Items from a dataset:

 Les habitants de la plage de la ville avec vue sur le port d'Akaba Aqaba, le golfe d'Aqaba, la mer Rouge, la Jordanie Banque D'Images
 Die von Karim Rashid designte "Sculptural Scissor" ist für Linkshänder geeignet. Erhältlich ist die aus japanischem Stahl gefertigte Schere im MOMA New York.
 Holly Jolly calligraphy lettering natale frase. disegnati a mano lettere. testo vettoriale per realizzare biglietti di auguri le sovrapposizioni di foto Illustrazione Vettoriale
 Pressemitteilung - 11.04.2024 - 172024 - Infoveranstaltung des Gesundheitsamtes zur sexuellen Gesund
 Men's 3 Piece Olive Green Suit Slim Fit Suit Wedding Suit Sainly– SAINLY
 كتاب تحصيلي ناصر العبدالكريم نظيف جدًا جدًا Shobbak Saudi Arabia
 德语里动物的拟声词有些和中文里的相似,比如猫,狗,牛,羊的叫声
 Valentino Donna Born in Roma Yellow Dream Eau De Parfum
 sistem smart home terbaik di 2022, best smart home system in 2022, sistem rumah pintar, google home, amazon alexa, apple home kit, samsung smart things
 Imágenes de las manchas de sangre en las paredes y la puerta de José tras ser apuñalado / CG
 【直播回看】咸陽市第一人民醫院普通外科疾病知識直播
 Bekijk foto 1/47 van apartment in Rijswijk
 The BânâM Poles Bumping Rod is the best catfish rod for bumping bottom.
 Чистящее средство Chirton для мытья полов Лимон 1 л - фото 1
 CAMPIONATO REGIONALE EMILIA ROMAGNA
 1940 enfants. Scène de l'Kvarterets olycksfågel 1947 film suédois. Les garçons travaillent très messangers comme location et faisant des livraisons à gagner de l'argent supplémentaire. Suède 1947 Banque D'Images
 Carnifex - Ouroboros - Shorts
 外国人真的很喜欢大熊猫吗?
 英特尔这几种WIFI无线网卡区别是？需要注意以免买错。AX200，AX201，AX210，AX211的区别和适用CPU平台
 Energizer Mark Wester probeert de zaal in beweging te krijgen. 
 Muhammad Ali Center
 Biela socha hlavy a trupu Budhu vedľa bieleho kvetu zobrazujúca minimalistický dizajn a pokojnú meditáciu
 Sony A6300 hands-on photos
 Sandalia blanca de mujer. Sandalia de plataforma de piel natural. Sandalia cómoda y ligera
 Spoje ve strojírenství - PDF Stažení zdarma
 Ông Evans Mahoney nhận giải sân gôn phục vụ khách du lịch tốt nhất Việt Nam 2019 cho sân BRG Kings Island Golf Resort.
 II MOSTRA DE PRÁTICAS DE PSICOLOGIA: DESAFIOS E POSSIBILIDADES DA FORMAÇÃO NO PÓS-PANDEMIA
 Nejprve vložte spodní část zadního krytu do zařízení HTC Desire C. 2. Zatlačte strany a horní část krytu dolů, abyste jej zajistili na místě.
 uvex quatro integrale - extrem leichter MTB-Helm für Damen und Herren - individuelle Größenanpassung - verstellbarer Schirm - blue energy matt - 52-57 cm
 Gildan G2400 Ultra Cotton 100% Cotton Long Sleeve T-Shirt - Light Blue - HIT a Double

■ Work item ■
Beginning with the line above that contains "Imágenes de las", copy each line exactly up to and including the line that contains "Spoje ve strojírenství - PDF Stažení zdarma", and go no further.

■ Result ■
 Imágenes de las manchas de sangre en las paredes y la puerta de José tras ser apuñalado / CG
 【直播回看】咸陽市第一人民醫院普通外科疾病知識直播
 Bekijk foto 1/47 van apartment in Rijswijk
 The BânâM Poles Bumping Rod is the best catfish rod for bumping bottom.
 Чистящее средство Chirton для мытья полов Лимон 1 л - фото 1
 CAMPIONATO REGIONALE EMILIA ROMAGNA
 1940 enfants. Scène de l'Kvarterets olycksfågel 1947 film suédois. Les garçons travaillent très messangers comme location et faisant des livraisons à gagner de l'argent supplémentaire. Suède 1947 Banque D'Images
 Carnifex - Ouroboros - Shorts
 外国人真的很喜欢大熊猫吗?
 英特尔这几种WIFI无线网卡区别是？需要注意以免买错。AX200，AX201，AX210，AX211的区别和适用CPU平台
 Energizer Mark Wester probeert de zaal in beweging te krijgen. 
 Muhammad Ali Center
 Biela socha hlavy a trupu Budhu vedľa bieleho kvetu zobrazujúca minimalistický dizajn a pokojnú meditáciu
 Sony A6300 hands-on photos
 Sandalia blanca de mujer. Sandalia de plataforma de piel natural. Sandalia cómoda y ligera
 Spoje ve strojírenství - PDF Stažení zdarma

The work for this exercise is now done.